5. Capital Gain Tax on ULIP: More than ₹ 2.5 lakh premium will be considered a capital asset
What has changed: If the premium of Unit Linked Insurance Plan is more than Rs 2.5 lakh per year, it will be considered a capital asset. Capital gains tax will be levied at any benefit caused by capitalizing such ULIPs. ULIP is a product in which a part of the premium is invested in the stock market.
- If it is kept for more than 12 months, it will be taxed as 12.5% in the form of Long Term Capital Gain (LTCG).
- If it is kept for less than 12 months, it will be taxed as 20% as short term capital gains (STCG).
What will be the effect: Those investing in high premium ULIP will now have to pay tax. The government has made these changes to prevent high-income tax payers from using ULIPs as tax-free investment instruments. A large part of the ULIP premium is invested in the stock market, so the government argued that it should not get tax exemption like traditional insurance.
6. Cheap-cheaper: 150-200 products to change custom duty
What has changed: In the budget presented in February, the government had reduced custom duty on some products and increased on some. This will affect around 150-200 products. Generally, changes in custom duty are applied from 1 April 2025, the beginning of the financial year.
However, the dates for the implementation of some changes depend on the notifications of the Central Indirect Taxes and Customs Board (CBIC). For example, in the previous budget, some custom duty changes (such as mobile phones and precious metals) came into force from 24 July 2024.
What will be the effect: Some things can be inexpensive and some expensive. The depreciation of custom duty affects the prices of things.
Items that can be cheap:
- Imported cars with an engine capacity of more than 40 thousand dollars or engine capacity of more than 3 thousand cc.
- Imported motorcycles in the form of CBU unit whose engine capacity does not exceed 1600 cc.
- Removing custom duty from 36 life saving drugs will reduce the cost of critical treatment.
- EVs can be cheap. Sakar has removed the duty of 35 capital goods for battery manufacturing.
- 28 capital goods were exempted from custom duty for mobile phone battery production.
Items that can be expensive:
- Smart meter solar cells, imported shoes, imported candles, imported boats and other ships, PVC Flex Films, PVC Flex Sheets, PVC Flex Banner, Cloth made of Neeting Process, LCD/LED TV
How long will the schemes announced in the budget be benefited?
- Social welfare schemes such as cash assistance for farmers, schemes for women, or employment schemes can start getting benefit from June-July.
- It takes time to benefit projects like road, rail, or school-hospital, because they are processed by planning, tender and construction.
Learn the entire process of budget in 7 points …
- Budget preparation: Budget is prepared by the Finance Ministry. Various ministries, departments and experts are consulted under the leadership of the Finance Minister.

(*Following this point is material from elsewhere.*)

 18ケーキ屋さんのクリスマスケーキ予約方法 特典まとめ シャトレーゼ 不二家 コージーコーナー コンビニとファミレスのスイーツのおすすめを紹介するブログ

- Budget presentation: Every year on 1 February, the Finance Minister presents the annual budget in the Lok Sabha. The budget speech contains the details of the government’s income and expenditure.

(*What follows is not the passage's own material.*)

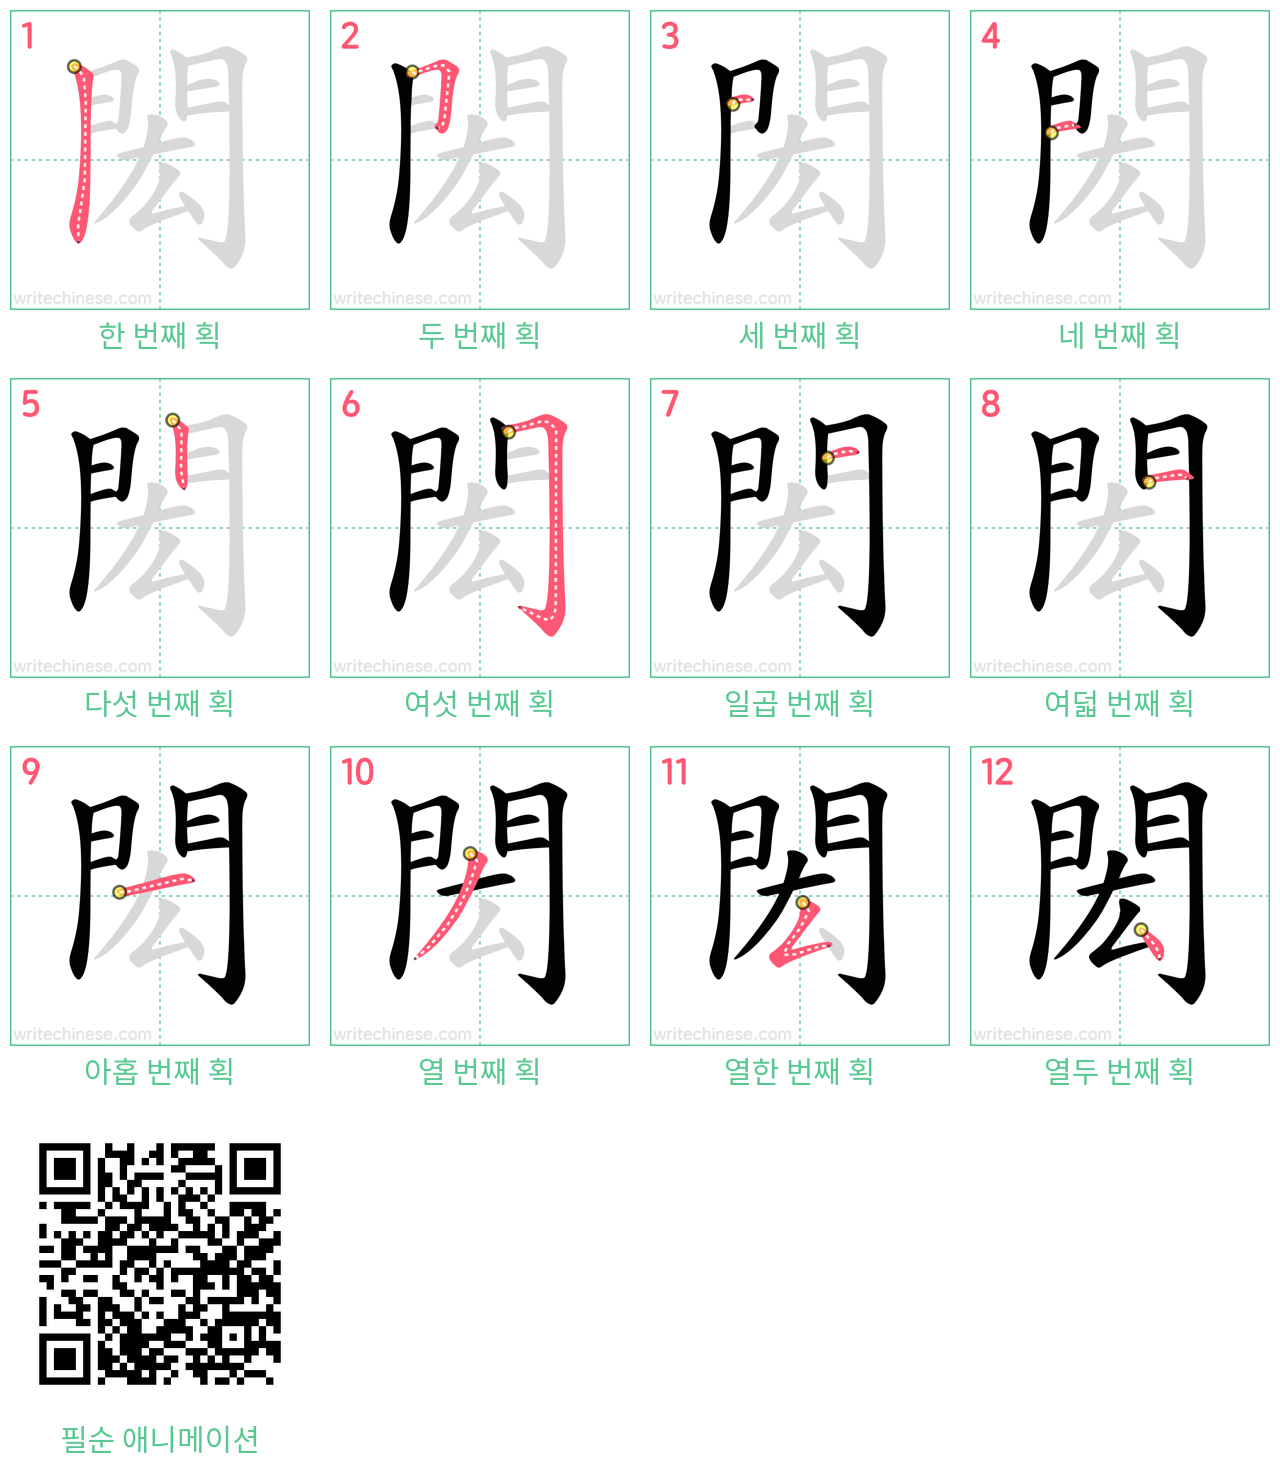 閎 step-by-step stroke order diagrams

- Discussion in Parliament: After the budget is presented, it is discussed in a detailed discussion in the Lok Sabha and Rajya Sabha. MPs express their views on various aspects.

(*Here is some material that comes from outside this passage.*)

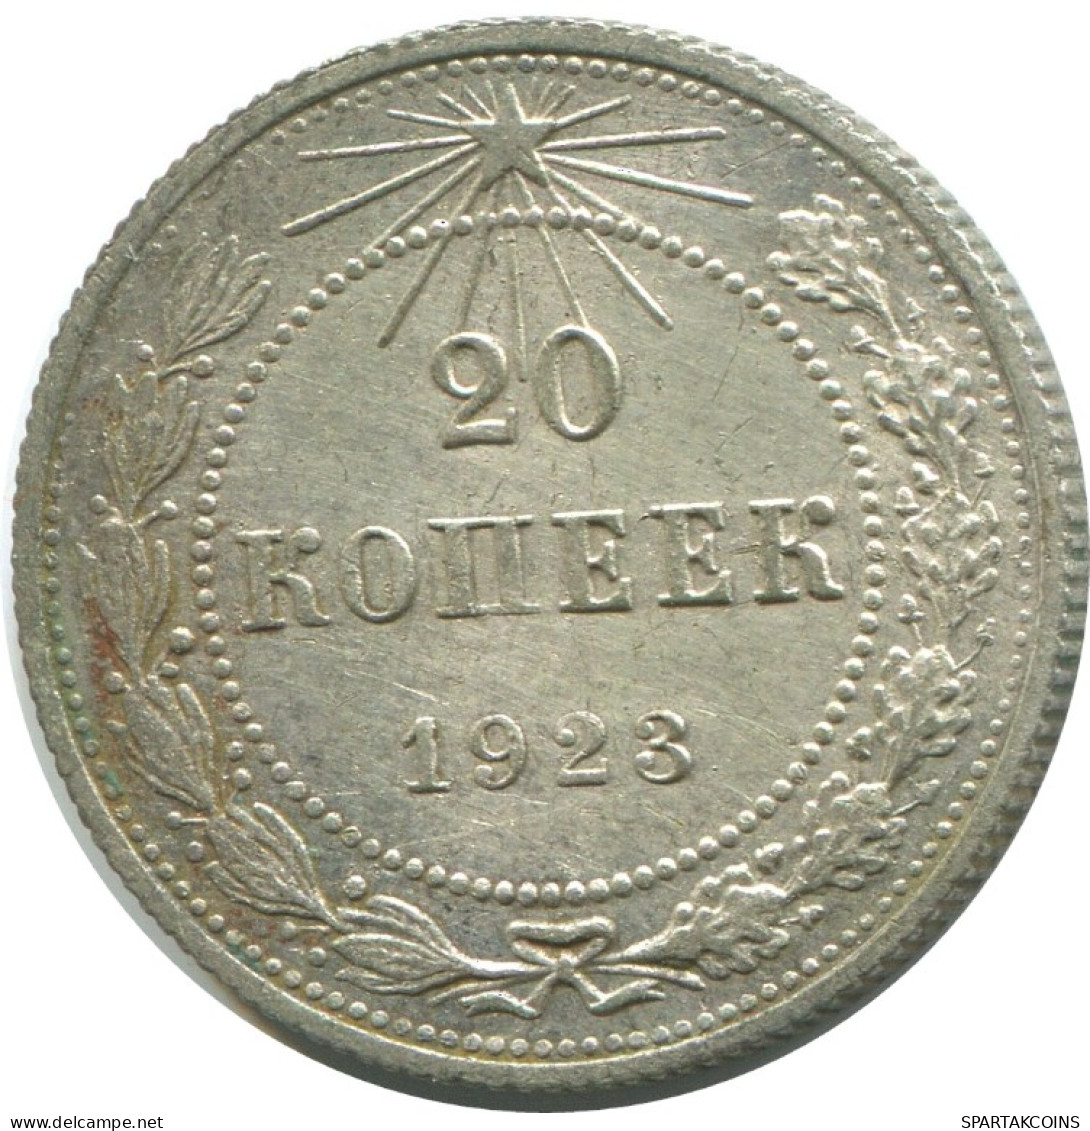 20 KOPEKS 1923 RUSSLAND RUSSIA RSFSR SILBER Münze HIGH GRADE #AF523.4.D.A - Russia

- Appropriation Bill: After discussion, it is introduced in both houses, which allows the government to withdraw funds from the integrated fund.
- Finance Bill: The Finance Bill is introduced in both Lok Sabha and Rajya Sabha to implement the tax changes proposed in the budget.
- President’s approval: After both bills (appropriation and finance) are passed by Parliament, they are sent to the President for approval.
- implement: After the President’s consent, they become laws and the budget comes into force. The budget applies for the financial year starting from 1 April.